## INSTRUCTIONS TO FOLLOW
In the records below, find the line containing "Burning candles - Stock Image" and repeat it and every line after it exactly, without pictures.

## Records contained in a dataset
#####

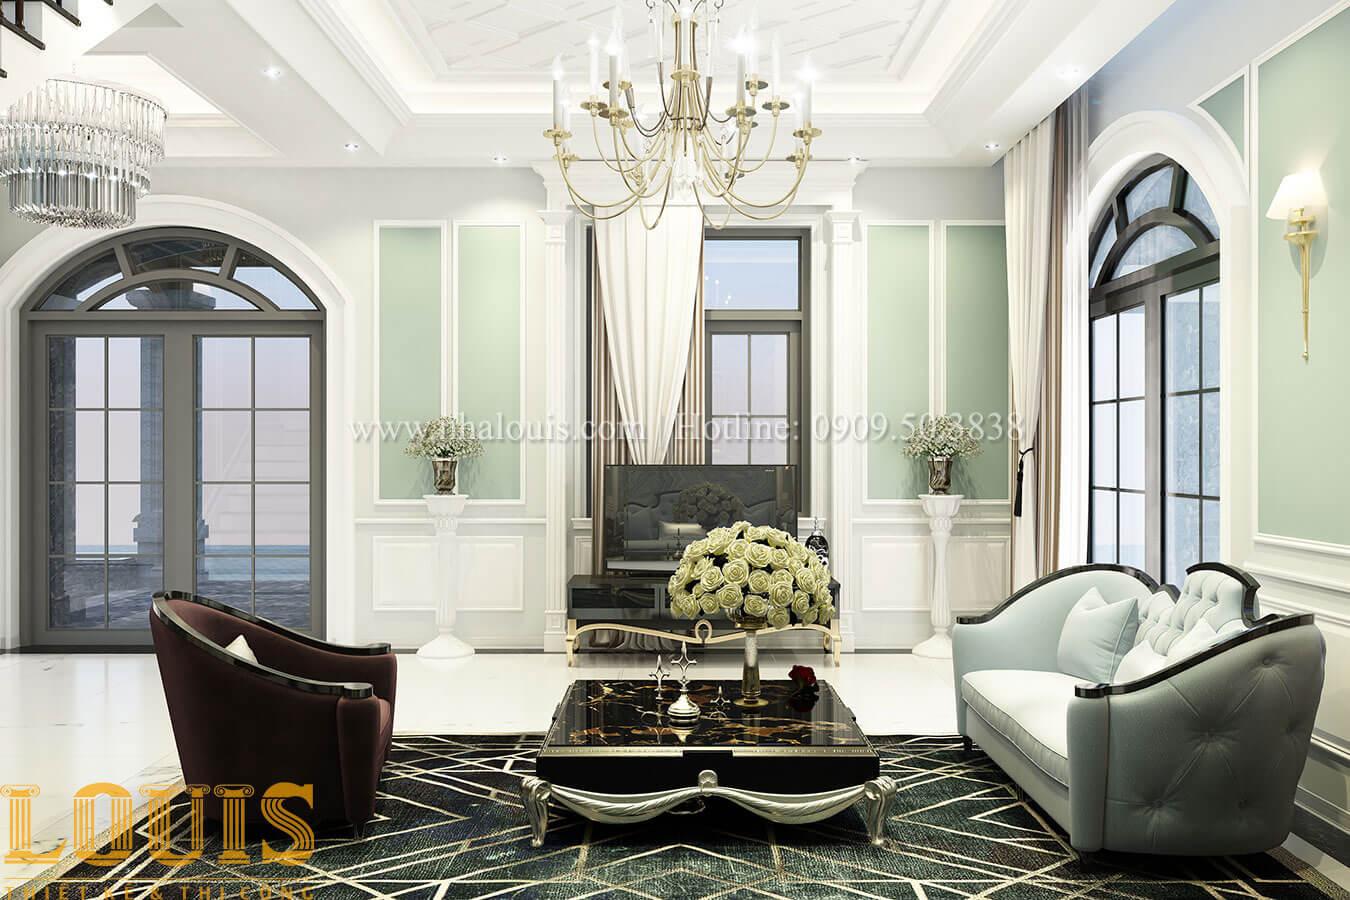 Phòng khách Thiết kế biệt thự 3 tầng đẹp có sân vườn ở miền quê Đồng Nai - 13
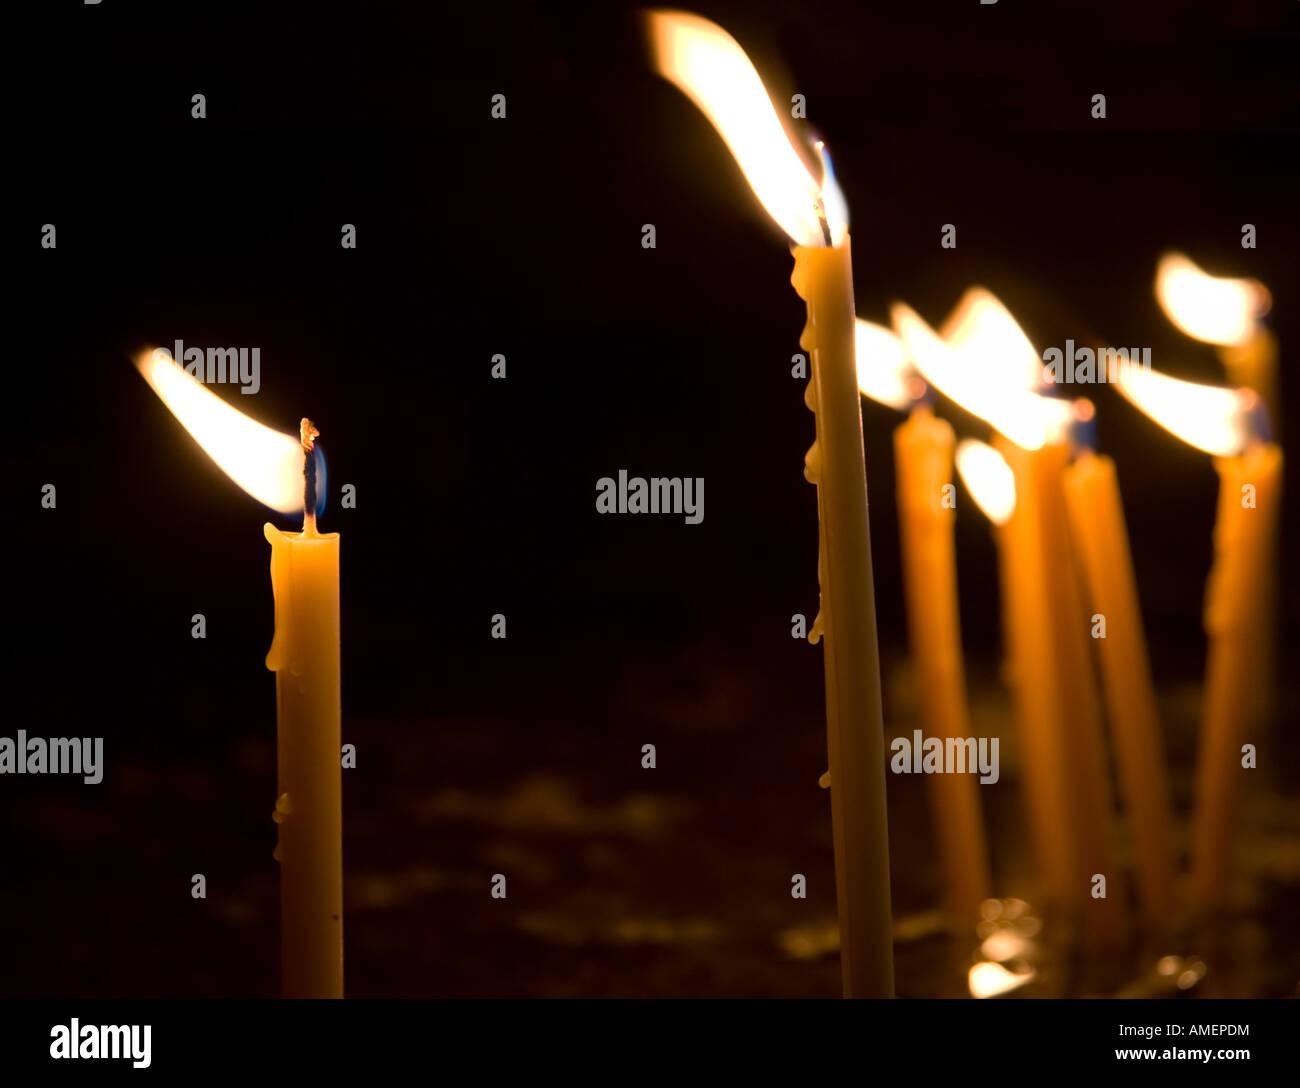 Burning candles - Stock Image
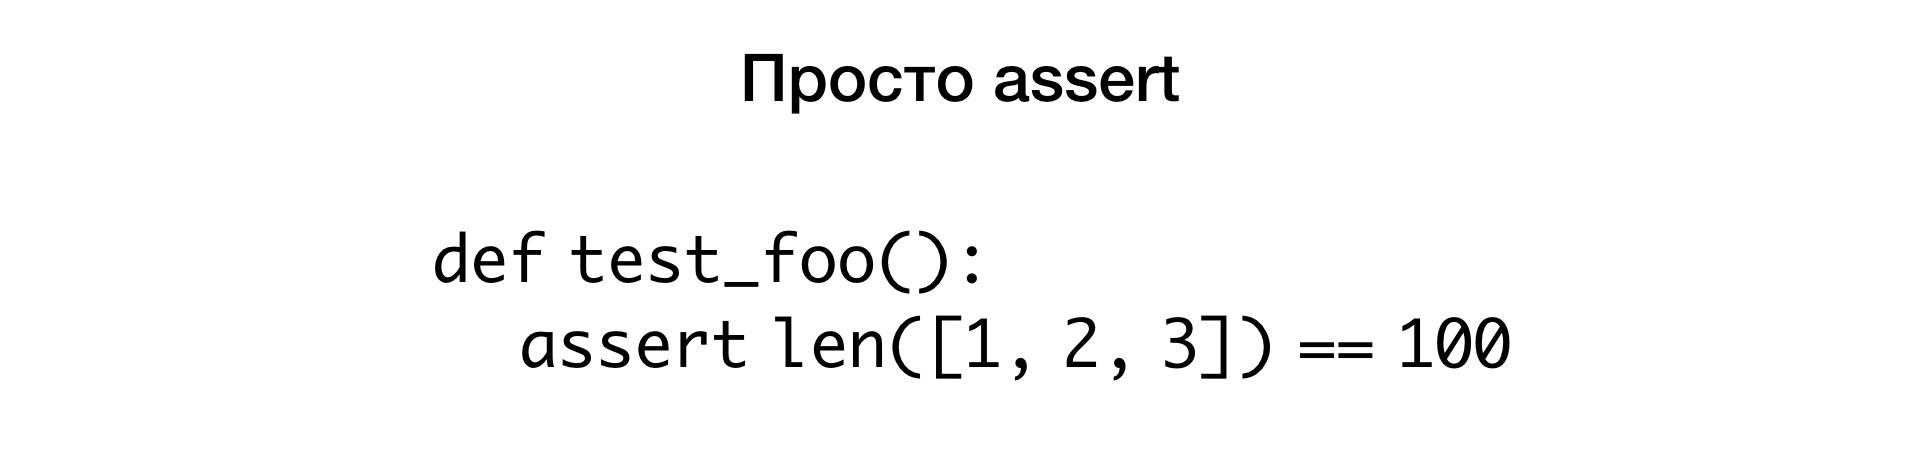 Макросы для питониста. Доклад Яндекса - 1
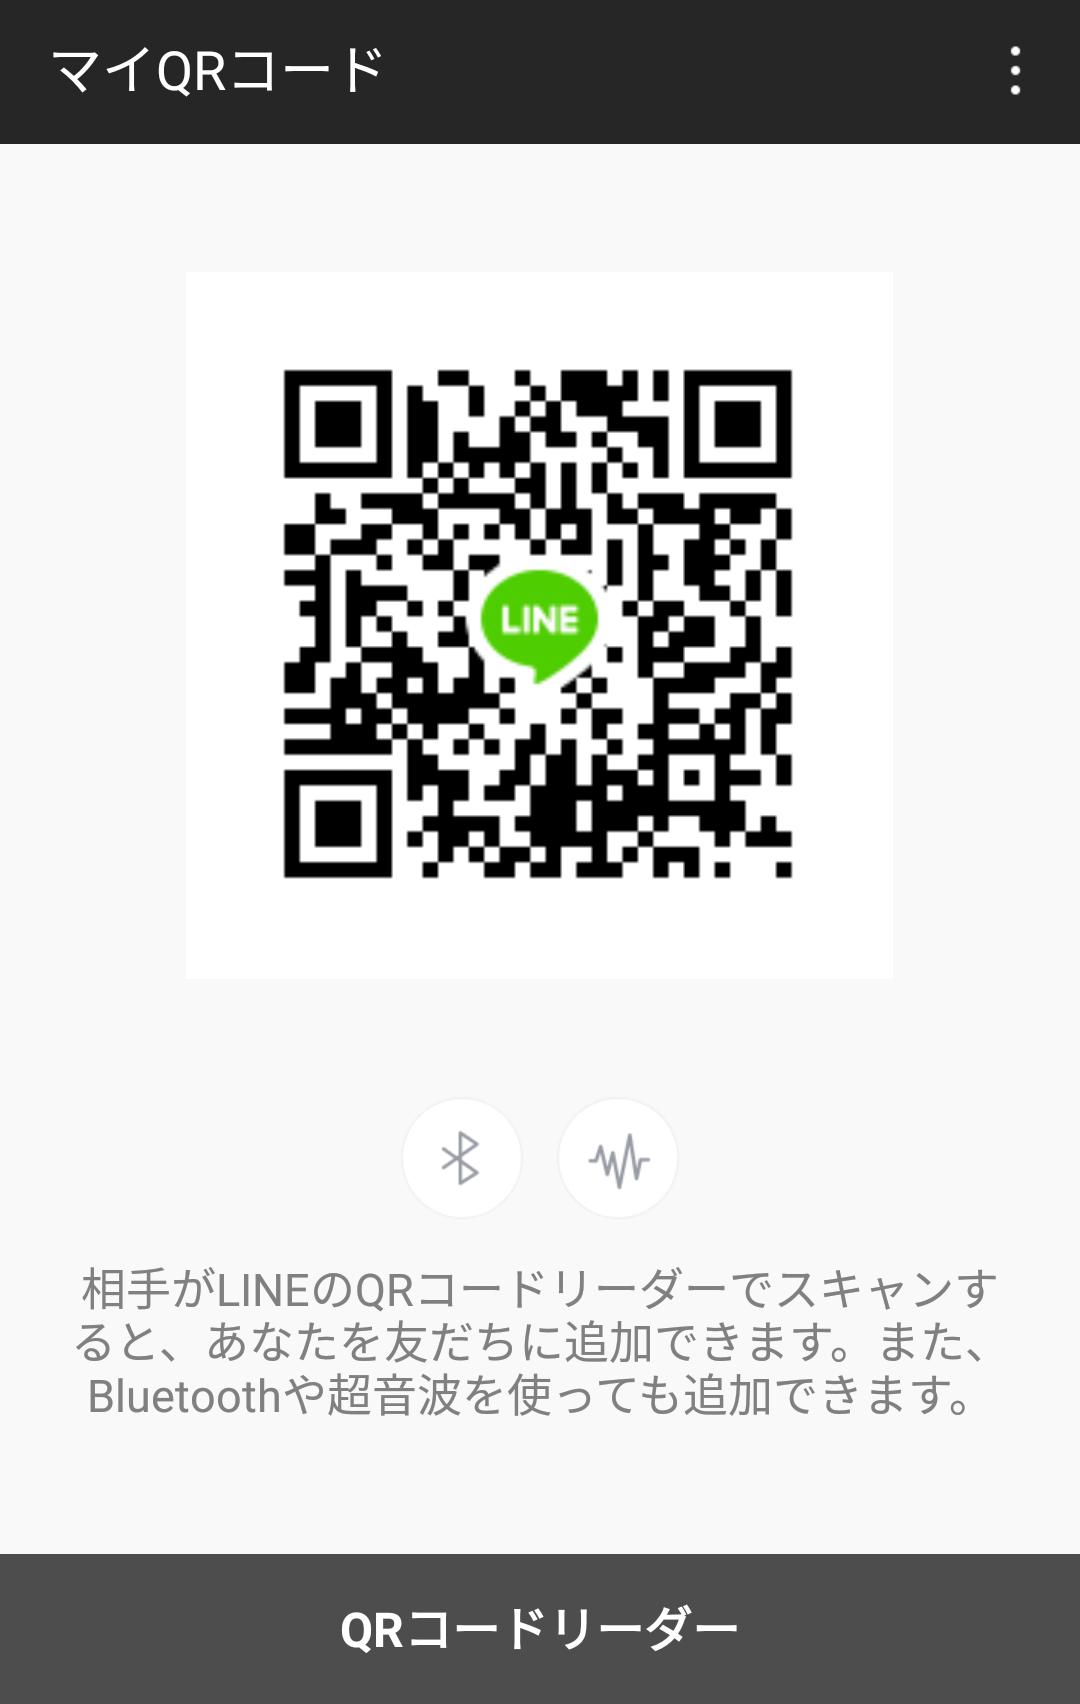 KAZUMAさんのLINE QRコード
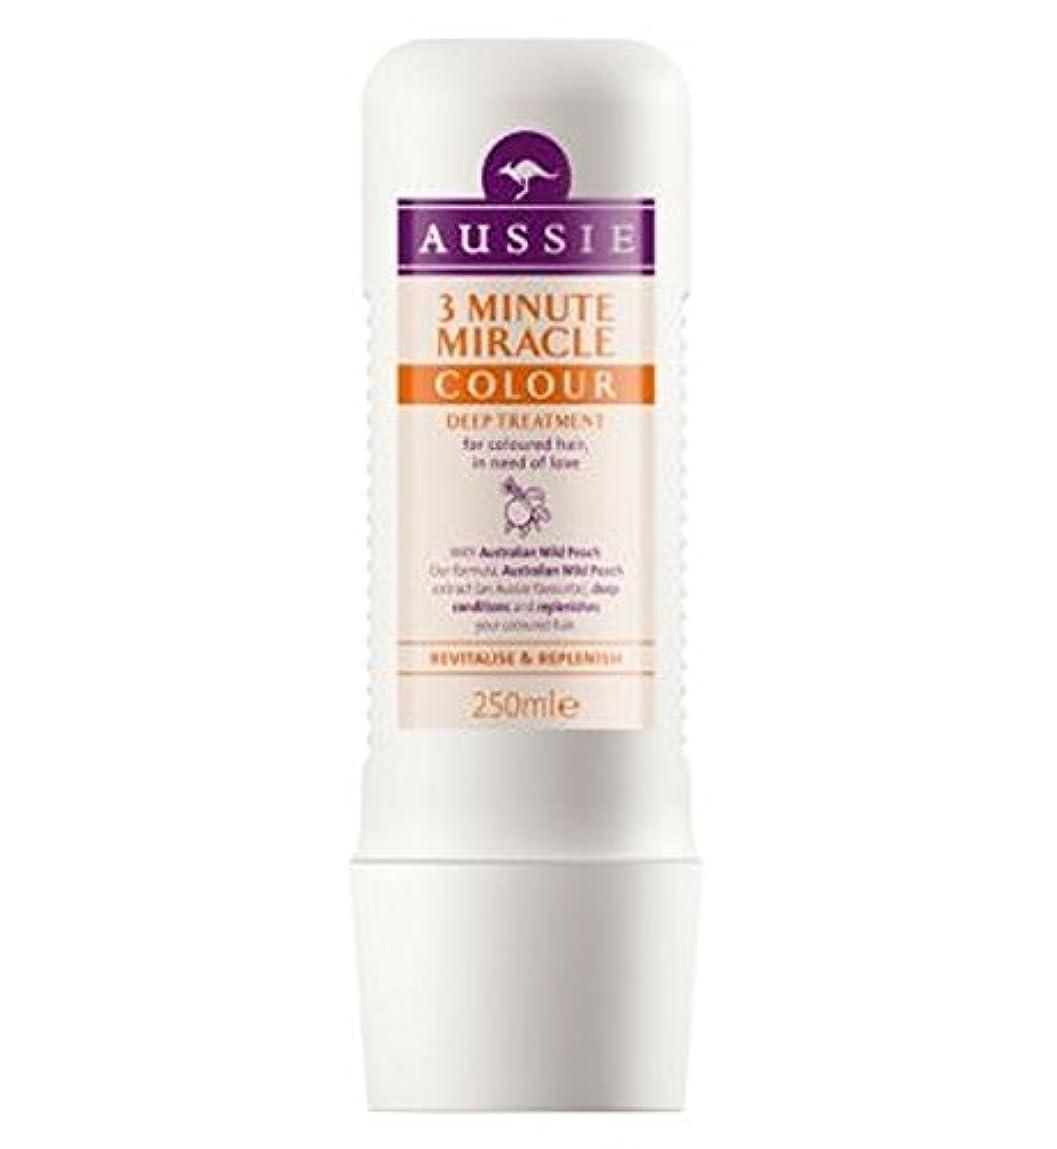 生息地キュービック呪われたAussie 3 Minute Miracle Colour Deep Treatment 250ml - オージー3分の奇跡色の深い処理250ミリリットル (Aussie) [並行輸入品]

#####

## RESPONSE TO THE EXERCISE
 Burning candles - Stock Image
 Макросы для питониста. Доклад Яндекса - 1
 KAZUMAさんのLINE QRコード
 生息地キュービック呪われたAussie 3 Minute Miracle Colour Deep Treatment 250ml - オージー3分の奇跡色の深い処理250ミリリットル (Aussie) [並行輸入品]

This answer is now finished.